What you will do> Word for word and without images, transcribe all of the records.

Records from a data source
☆ ☆ ☆ ☆

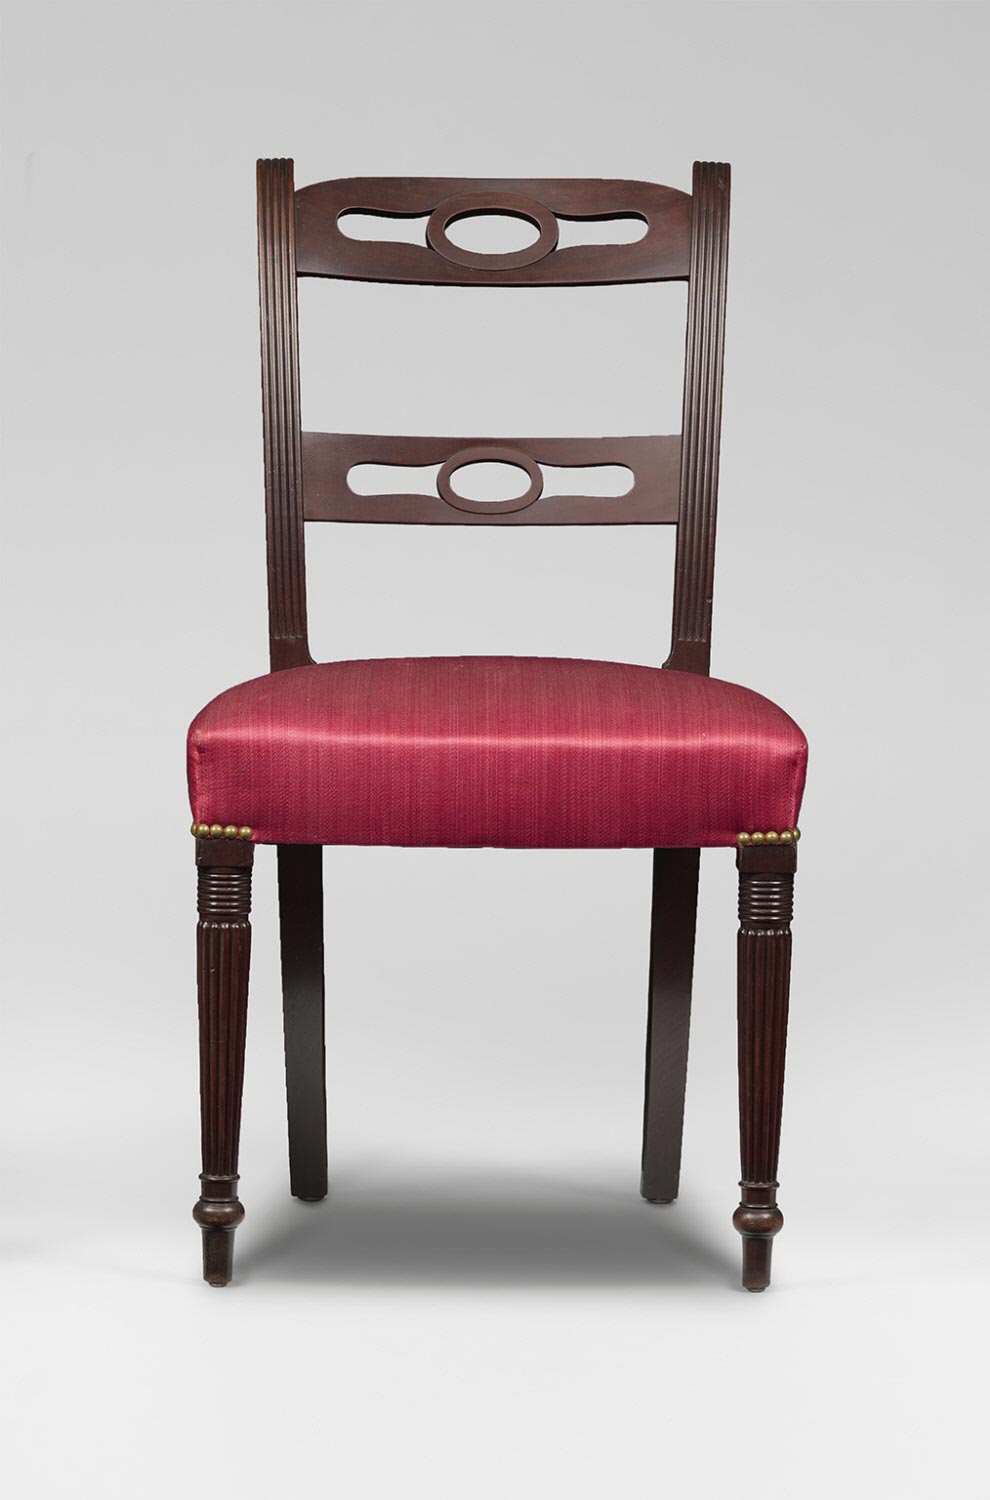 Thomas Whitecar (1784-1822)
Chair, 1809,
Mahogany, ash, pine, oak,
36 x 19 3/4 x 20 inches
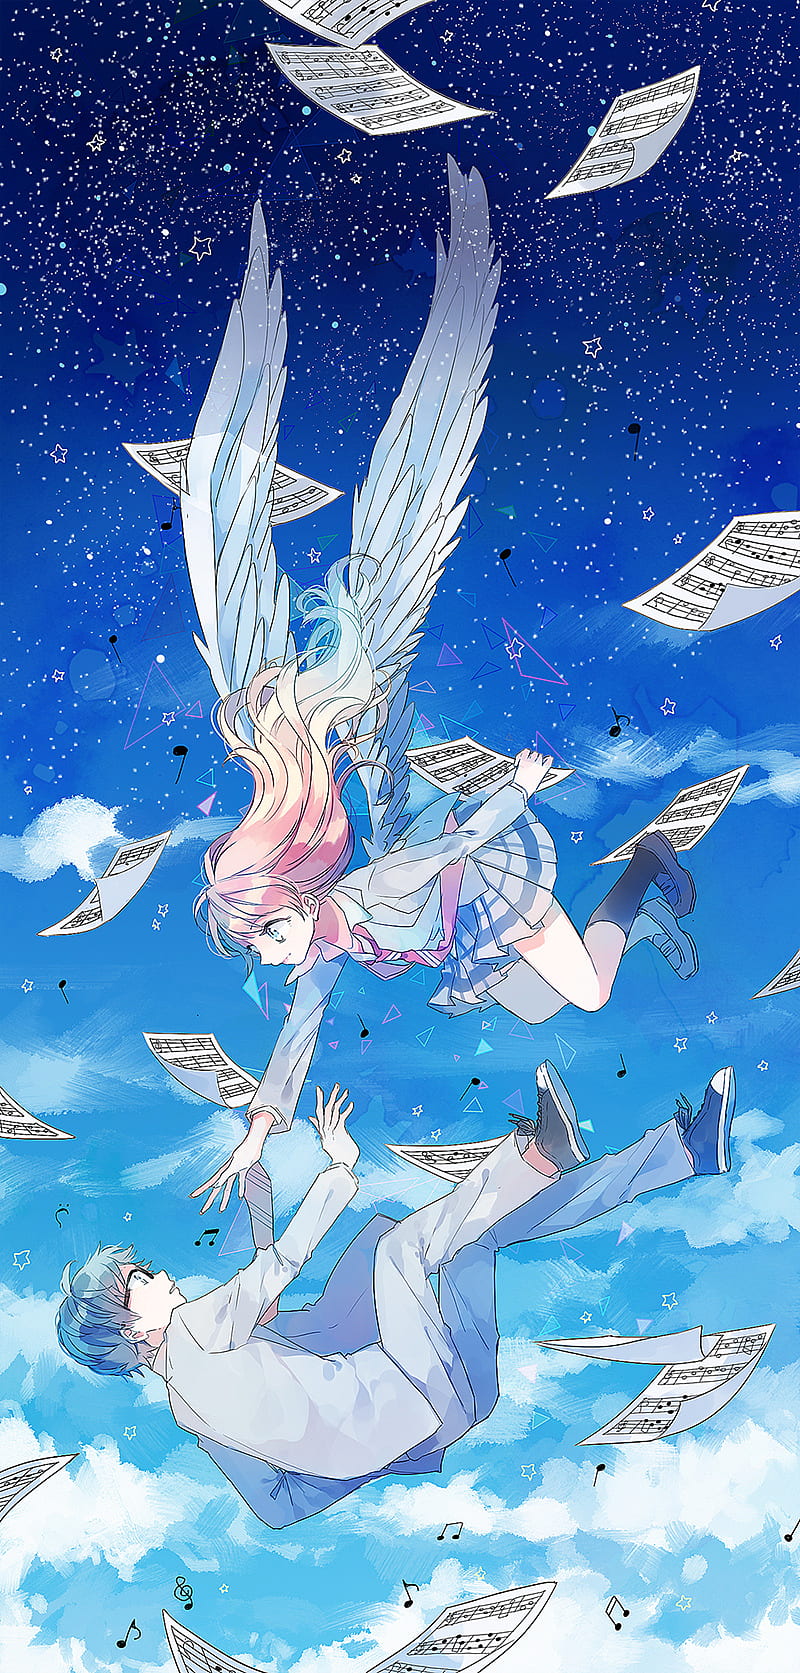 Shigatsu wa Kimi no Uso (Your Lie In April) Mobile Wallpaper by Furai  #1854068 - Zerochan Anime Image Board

☆ ☆ ☆ ☆

Solution to the problem>
 Thomas Whitecar (1784-1822)
Chair, 1809,
Mahogany, ash, pine, oak,
36 x 19 3/4 x 20 inches
 Shigatsu wa Kimi no Uso (Your Lie In April) Mobile Wallpaper by Furai  #1854068 - Zerochan Anime Image Board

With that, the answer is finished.